Tiap tahun pendidikan sebaiknya memiliki perpustakaan dengan pengelolaan (management) yang baik dan berbagai jenis bahan bacaan yang menarik sesuai dengan tingkat pendidikan anak. Ruang kelas sekolah perlu dilengkapi dengan book stand sebagai tempat buku bacaan anak.

4.Pembelajar

Pembelajar seharusnya meluangkan waktunya banyak membaca bebaas (independent reading). Membaca bebas, apa di sekolah atau di luar sekolah bermanfaat dalam meningkatkan kemampuan membaca. Independent reading porsinya sebaiknya dia atas porsi mengerjakan latihan-latihan melengkapi pada buku kerja (workbook) atau lembar kegiatan siswa (skill sheets). Anderson (1985:119) menyarankan agar “children should spend less time completing workbooks and skill sheets”

Selain itu, latihan menulis dapat pula dikerjakan karena dapat meningkatkan kemampuan membaca. Kompetensi membaca memerlukan waktu latihan dan suasana pembelajaran yang mendukung. Membaca menjadikan anak dan bangsa pintar dan cerdas.

5.Pemerintah

Manusia lahir dilengkapi dengan potensi membaca; oleh karena itu, program gerakan membaca sebaiknya dimulai di rumah oleh orang tua, lalu di sekolah oleh guru, kemudian di masyarakat umum (citizen) oleh pemerintah. Untuk merealisasikan ini, pemerintah baik pusat maupun daerah direkomendasikan menyediakan sarana dan prasarana membaca yang memadai.
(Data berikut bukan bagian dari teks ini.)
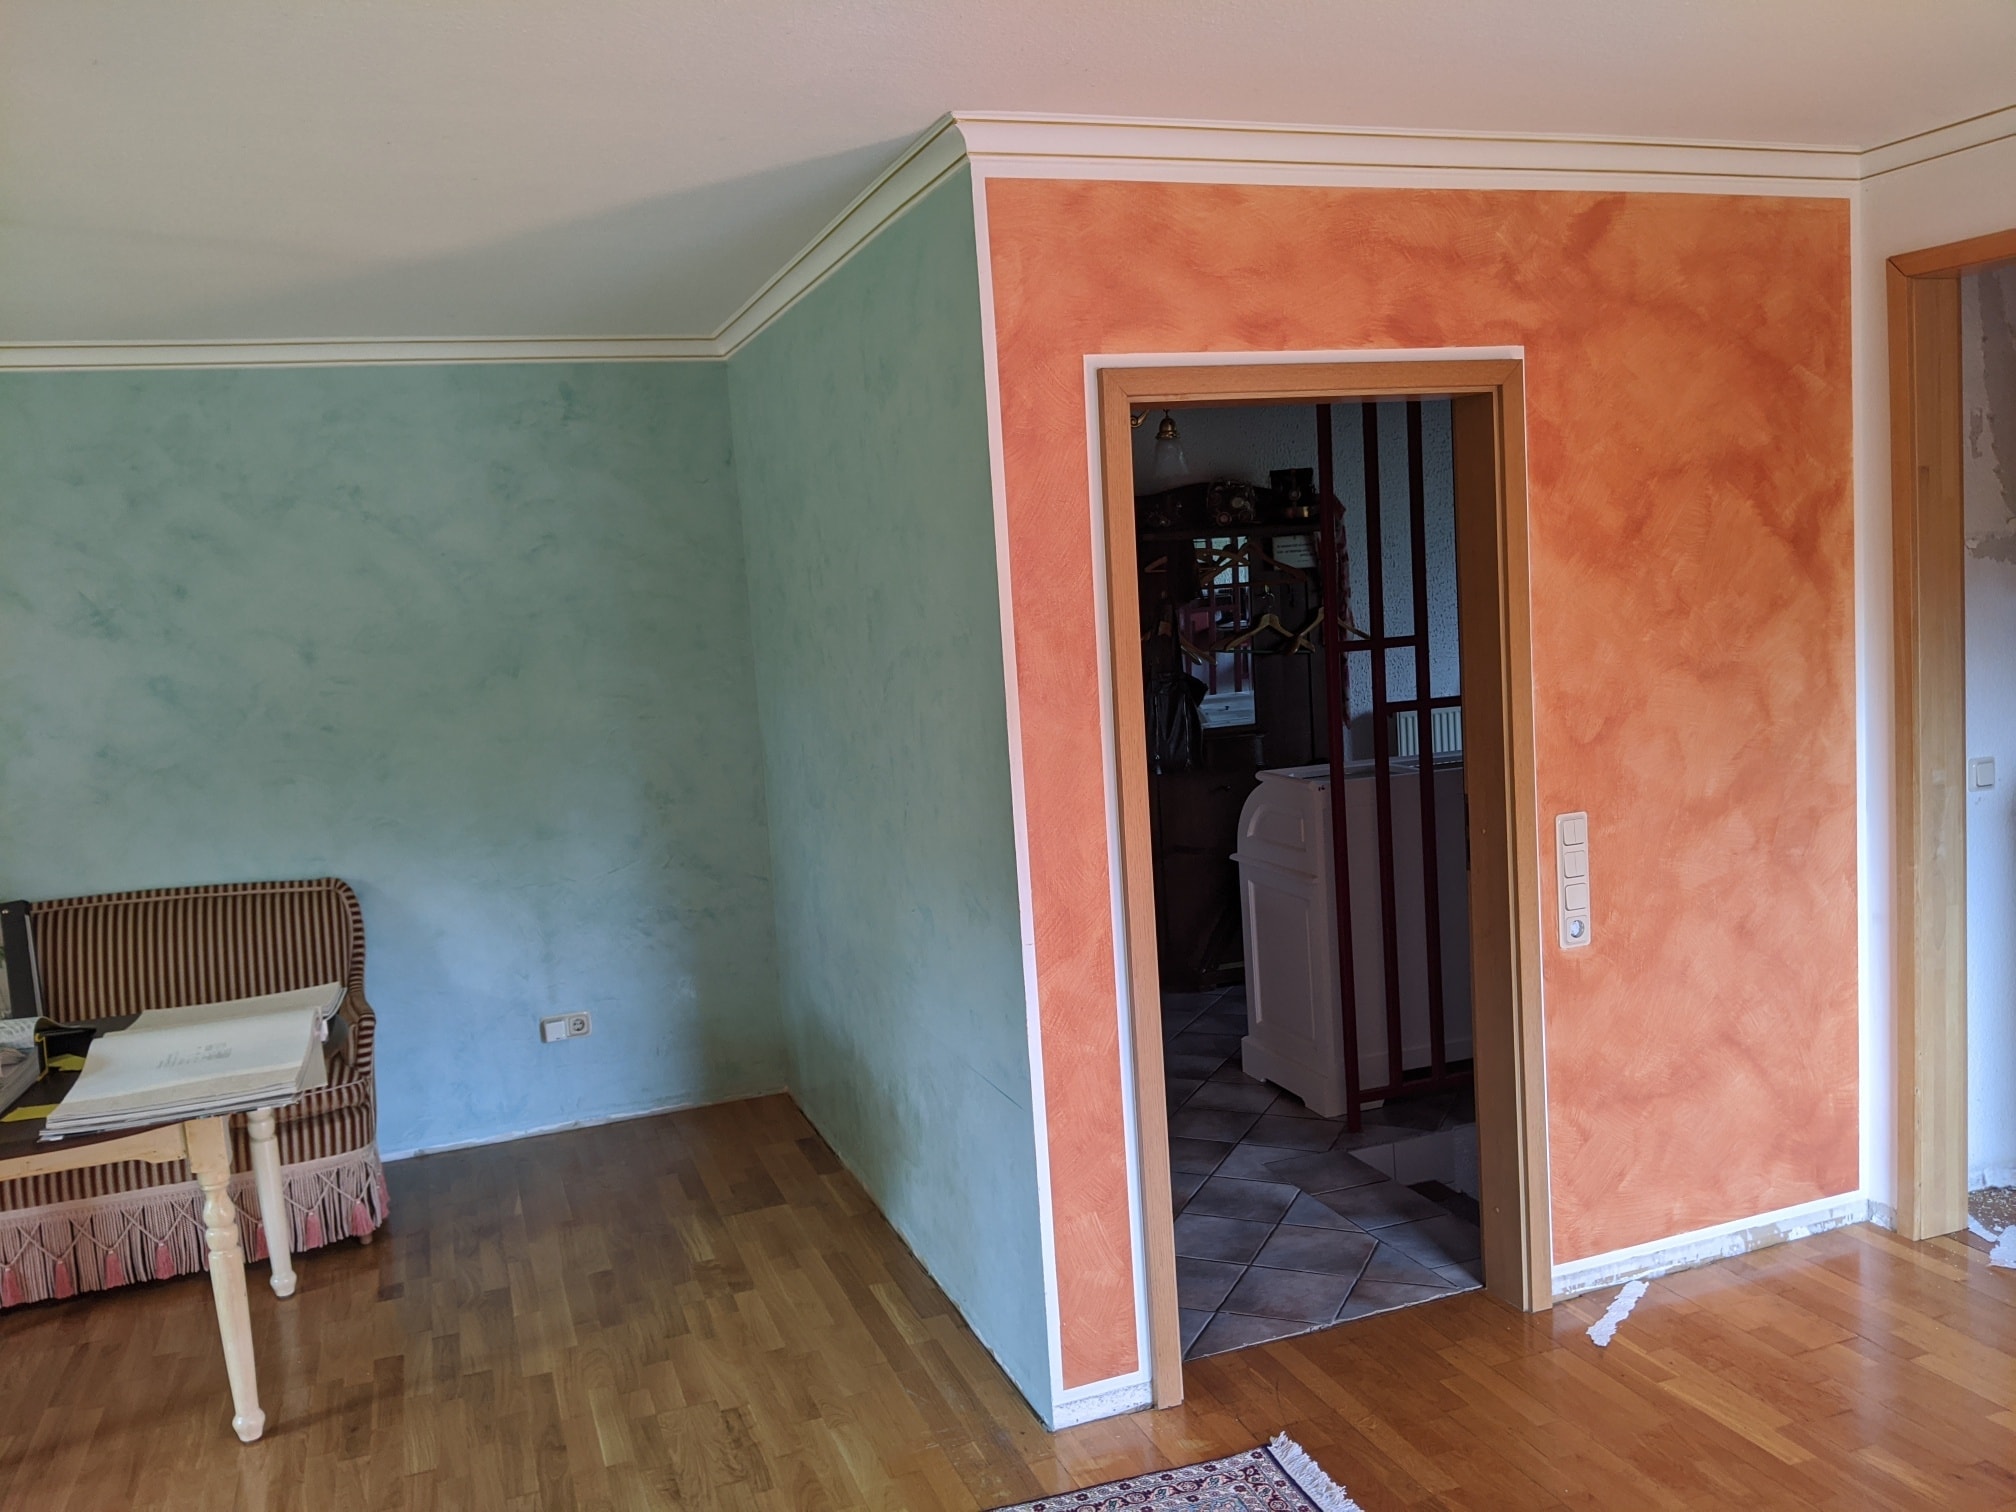 Eine altrosa Wand und eine türkise Wand in einem Zimmer vor den Malerarbeiten. Der Farbkontrast ist furchtbar.

Idealnya, perpustakaan sebagai taman bacaan warga dibangun pada setiap kecamatan dengan koleksi buku bermutu dan menarik seusai dengan tingkatan pendidikan anak. Pengelolaan perpustakaan didisain sedemikian rupa sehingga dapat memberikan suasana pembelajaran oleh pengunjungnya karena adanya daya tarik atau pesona yang dimiliki perpustakaan yang mempunyai daya tarik baca.

Perlu ada keseriusan dari pemerintah untuk membuat program nasional, Indonesia Gemar Membaca dengan membentuk komisi membaca (commission on reading) bersama perguruan tinggi pendidikan di Indonesia.

Menjadikan Indonesia sebagai negara gemar membaca seharusnya menjadi tujuan utama pemerintah. Untuk merealisasikan Indonesia sebagai a nation of readers, guru yang terbaik dan pemerintah yang bijaksana seharusnya berperan aktif mengerakkan program gerakan membaca di seluruh wilayah nusantara. Hanya dengan partisipasi guru yang baik di sekolah di seluruh wilayah nusantara dan pemerintah yang bijaknsana yang dapat menuntun bangsa gemar membaca.

Dalam menyukseskan program pemerintah kota, Gerakan Makassar Gemar Membaca serta dalam mewujudkan makassar sebagai kota pendidikan, Pemerintah Kota atau lembaga pendidikan terkait sebaiknya bekerja sama dalam menggerakkan program tersebut dengan berbagai kegiatan survey atau penelitian yang akan melahirkan beberapa rekomendasi untuk ditindak lanjuti bersama sehingga tujuan program tersebut dapat tercapai.

Program Gerakan Makasaar Gemar membaca perlu selalu digerakkan atau dikembangkan. Akhirnya, secara ringkas saya kemukakan bahwa unsur-unsur model pengembangan yang dapat menjadikan a nation of readers adalah: (1) pemerintah yang bijak, (2) guru yang baik, (3) sarana dan prasarana yang memadai, (4) partisipasi masyarakat yang maksimal, termasuk orang tua dan pembelajar. Mereka seharusnya menjadi satu team yang kompak dan padu dalam mewujudkan a nation of readers.

Sehingga rekomendasi yang terlihat pada lima negara dengan literasi yang tertinggi bisa diadopsi untuk mencerahkan bangsa Indonesia sebagai paradigma baru dalam bertrasformasi pada Pendidikan tinggi dapat tercapai dengan upaya kosnsistensi dilakukan sebagai investasi Pendidikan Tinggi semakin meningkta dalam rangka tujuan pembenagunan yang berkelanjutan (SDGs).